Glass ceiling

Instead of benefiting the customers, fixing of ceiling prices for essential drugs has given domestic pharmaceutical companies and drugs importers great leeway to hike the drug prices. Not surprisingly, the prices of essential drugs have shot up to the ceiling fixed by the government. Even chemists admit that ceilings provide a welcome reprieve for many consumers but also encumber other patients with added financial burden. For instance, before the ceilings, the Indian drug Ciphadroxil 500 mg was sold at the rate of Rs. 6.3 per capsule. Now, the capsules are being sold for as much as Rs. 10 per piece. Likewise, the price of antibiotics Ampicillin and Cloxacillin 500 mg capsules has been fixed at Rs 7.5 from an earlier rate of Rs 3.80.

The price of no drug has been fixed below the ceiling. The Department of Drug Administration (DDA) appears incapable of regulating drug prices.
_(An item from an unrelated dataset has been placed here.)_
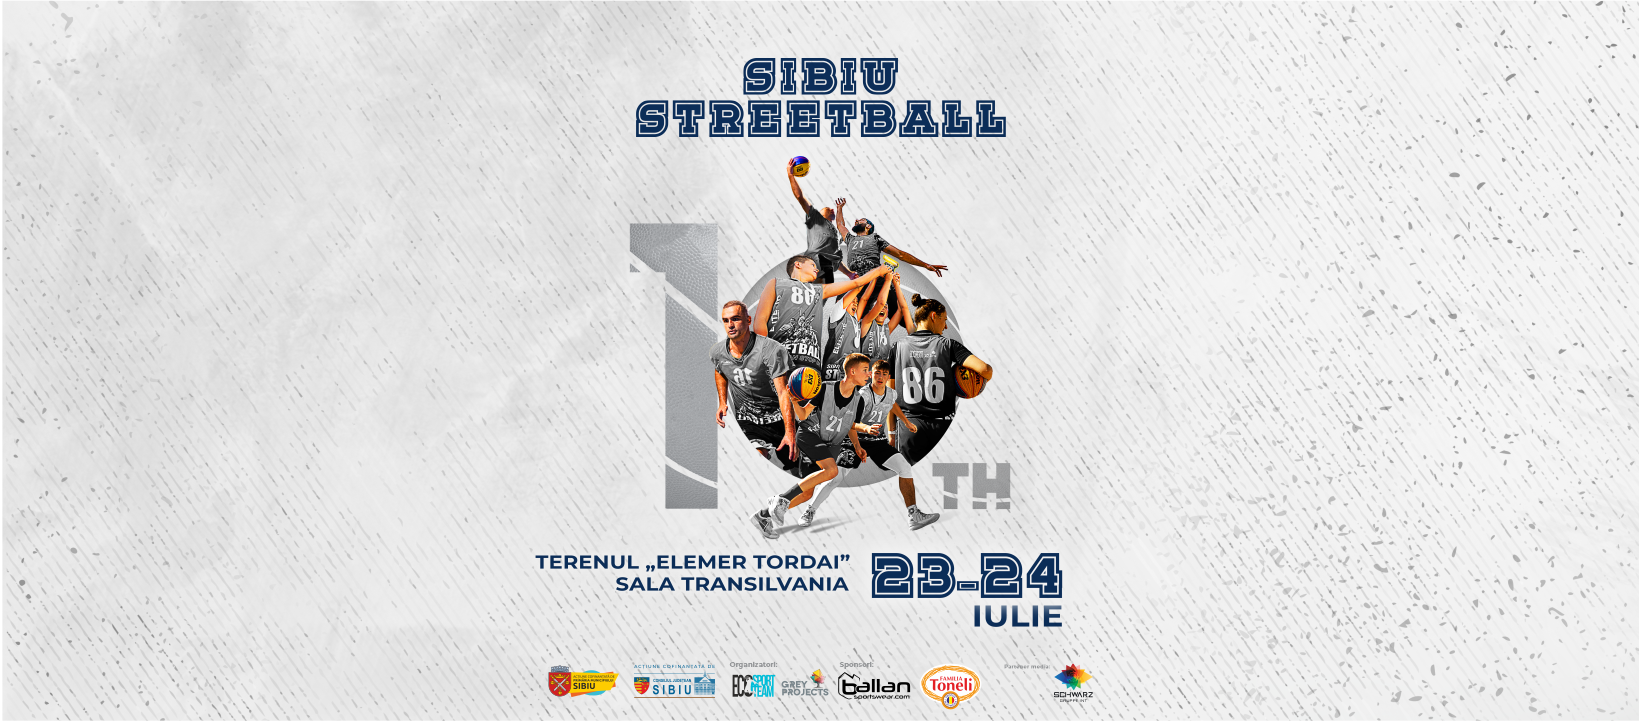 Sibiu Streetball 2022
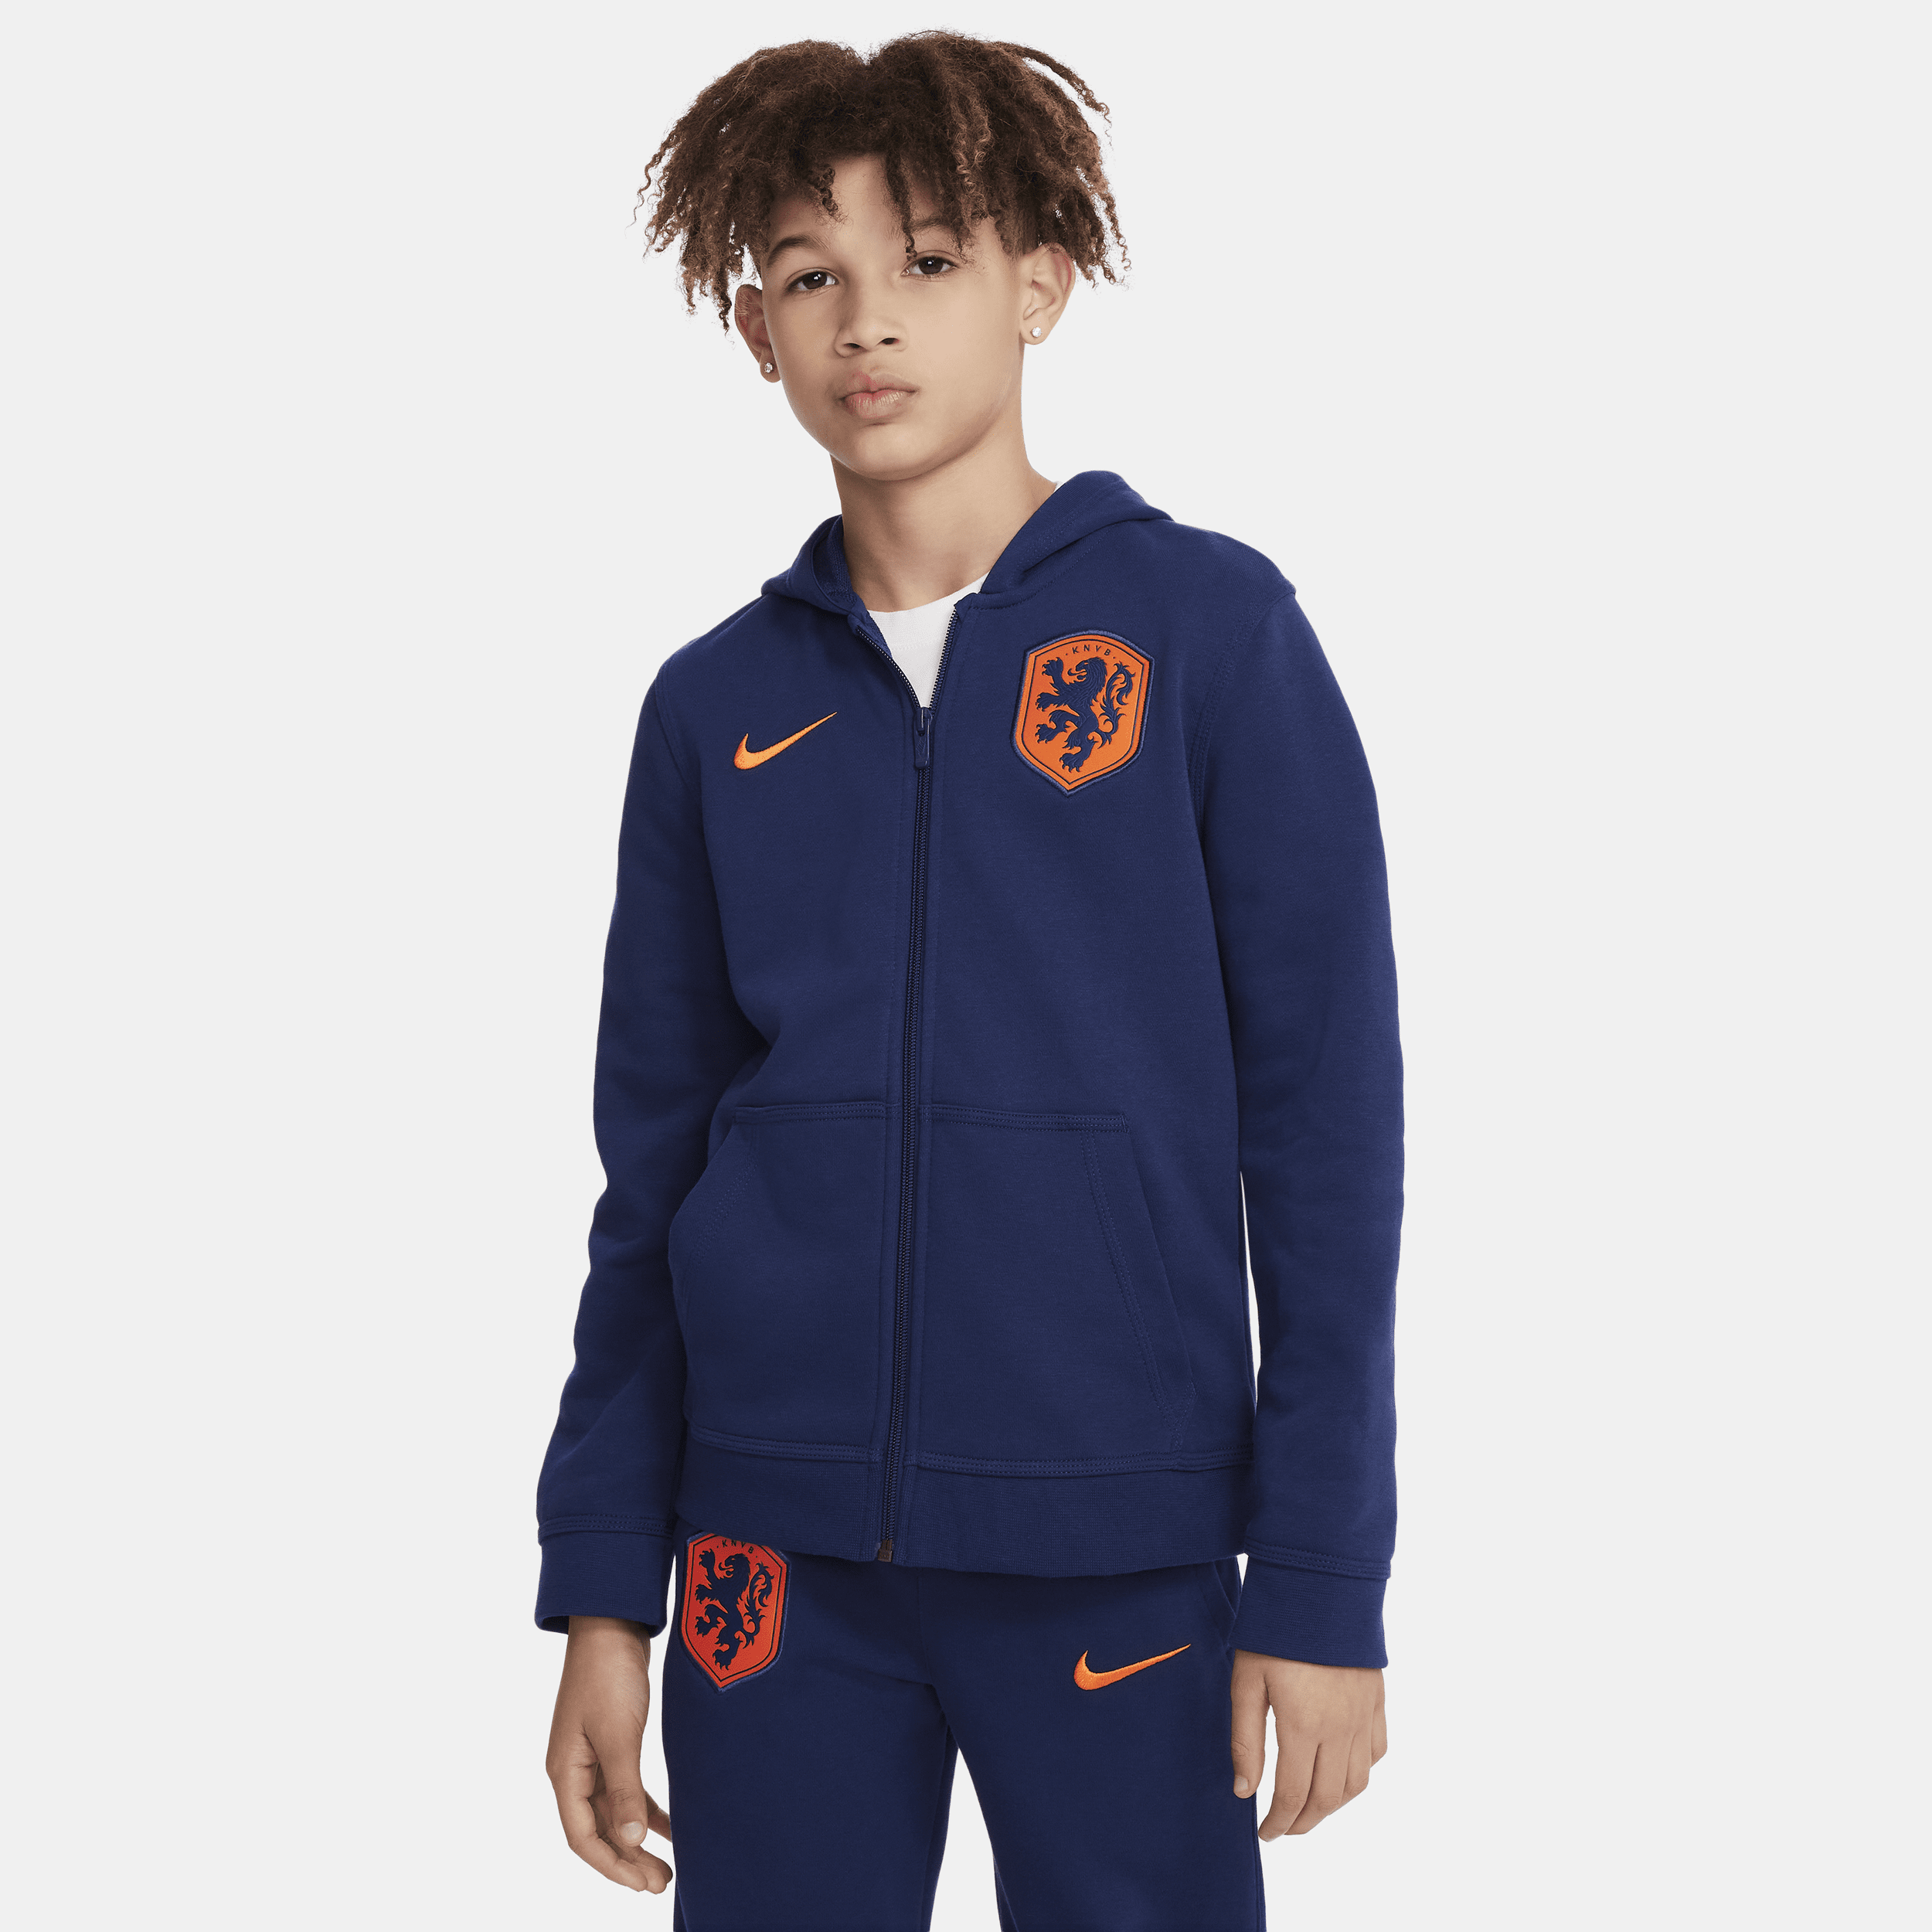 Nike Nederland hoodie van sweatstof met rits over de hele lengte voor jongens Blauw

If the government is unable to exercise a close control, there can be no justification for fixing maximum prices. DDA, for its part, complains of an acute shortage of manpower. But isn’t a government-run agency like Department of Drug Administration indulging in sheer hypocrisy by blaming the “government” itself? Isn’t it the concerned government body entrusted with the responsibility of regulating drug market prices? Both the DDA and the government need to wake up if the ceilings are to have their desired effect.